What one can try is to express the solution for some problem instance in terms of solutions to simpler problem instances. This strategy is called divide and conquer in computer science. It works if at some complexity level it is possible to solve the problem instance and if one can deduce the solution of a more complex problem from the solutions of the simpler ones. This naturally leads to a recursive formulation.
E.g. we can formulate a solution for a restricted version of G, which is only working for some of the arguments. We call it g and it is defined for 9, 99, 999, etc. and will be equal to G for these arguments.
It can be calculated using this recursive function:
# zeros for 1..n, where n = (10^k)-1: 0, 9, 99, 999, ..
def g(n)
if n <= 9
return 0
end
n2 = (n - 9) / 10
return 10 * g(n2) + n2
end
Note that this function is much faster than the brute force method: To count the zeros in the interval [1, 10^9-1], which is comparable to the m from the question, it just needs 9 calls, its complexity is
O(log(n))
Again note that this g is not defined for arbitrary n, only for n = (10^k)-1.
Derivation of g
It starts with finding the recursive definition of the function h(n),
which counts zeros in the numbers from 1 to n = (10^k) - 1, if the decimal representation has leading zeros.

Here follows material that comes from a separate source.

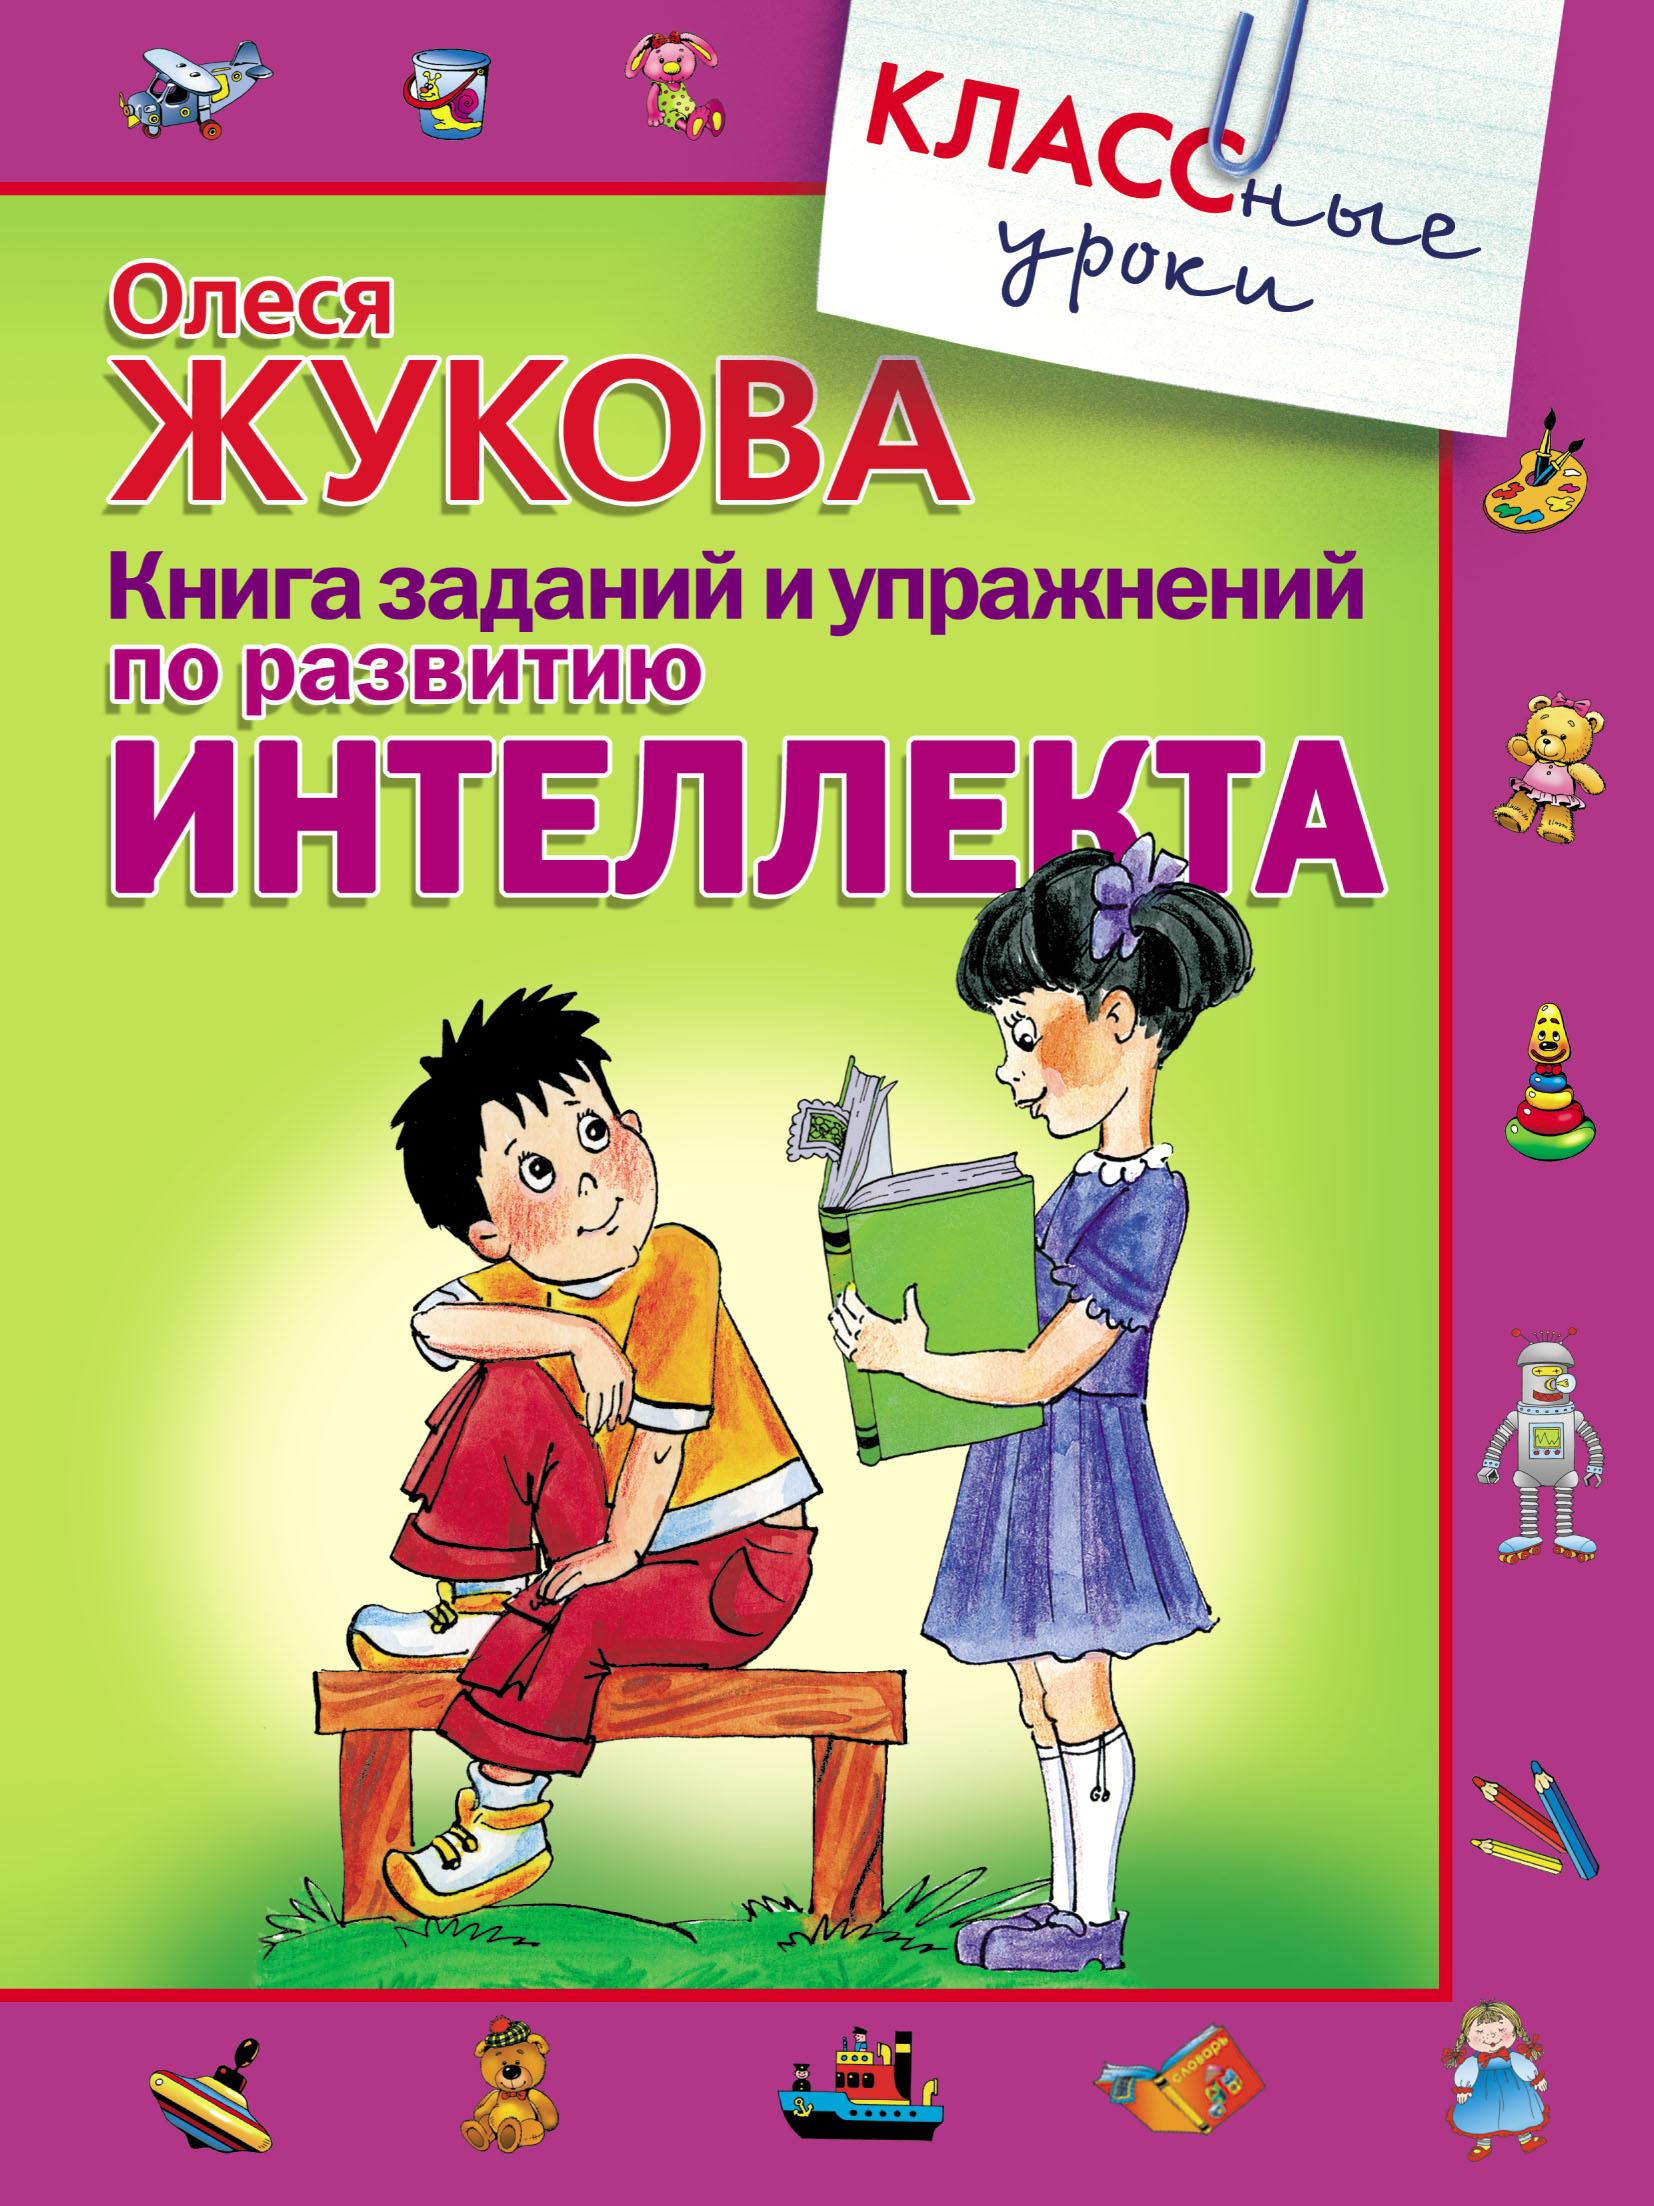 купить Олеся Жукова Книга заданий и упражнений по развитию интеллекта дешево

Example: h(999) counts the zero digits for the number representations:
001..009
010..099
100..999
The result would be h(999) = 297.
Using k = floor(log10(n+1)), k2 = k - 1, n2 = (10^k2) - 1 = (n-9)/10 the function h turns out to be
h(n) = 9 [k2 + h(n2)] + h(n2) + n2 = 9 k2 + 10 h(n2) + n2
with the initial condition h(0) = 0. It allows to formulate g as
g(n) = 9 [k2 + h(n2)] + g(n2)
with the intital condition g(0) = 0.
From these two definitions we can define the difference d between h and g as well, again as a recursive function:
d(n) = h(n) - g(n) = h(n2) - g(n2) + n2 = d(n2) + n2
with the initial condition d(0) = 0. Trying some examples leads to a geometric series, e.g. d(9999) = d(999) + 999 = d(99) + 99 + 999 = d(9) + 9 + 99 + 999 = 0 + 9 + 99 + 999 = (10^0)-1 + (10^1)-1 + (10^2)-1 + (10^3)-1 = (10^4 - 1)/(10-1) - 4. This gives the closed form
d(n) = n/9 - k
This allows us to express g in terms of g only:
g(n) = 9 [k2 + h(n2)] + g(n2) = 9 [k2 + g(n2) + d(n2)] + g(n2) = 9 k2 + 9 d(n2) + 10 g(n2) = 9 k2 + n2 - 9 k2 + 10 g(n2) = 10 g(n2) + n2
Derivation of G
Using the above definitions and naming the k digits of the representation q_k, q_k2, .., q2, q1 we first extend h into H:
H(q_k q_k2..q_1) = q_k [k2 + h(n2)] + r (k2-kr) + H(q_kr..q_1) + n2
with initial condition H(q_1) = 0 for q_1 <= 9.
Note the additional definition r = q_kr..q_1. To understand why it is needed look at the example H(901), where the next level call to H is H(1), which means that the digit string length shrinks from k=3 to kr=1, needing an additional padding with r (k2-kr) zero digits.
Using this, we can extend g to G as well:
G(q_k q_k2..q_1) = (q_k-1) [k2 + h(n2)] + k2 + r (k2-kr) + H(q_kr..q_1) + g(n2)
with initial condition G(q_1) = 0 for q_1 <= 9.
Note: It is likely that one can simplify the above expressions like in case of g above. E.g. trying to express G just in terms of G and not using h and H. I might do this in the future. The above is already enough to implement a fast zero calculation.
Test Result
recursive(1234567890, 2345678901) =
987654304
expected:
987654304
success
See the source and log for details.
Update: I changed the source and log according to the more detailed problem description from that contest (allowing 0 as input, handling invalid inputs, 2nd larger example).
You can use a standard approach to find m = [1, M-1] and n = [1, N], then [M, N] = n - m.
Standard approaches are easily available: Counting zeroes.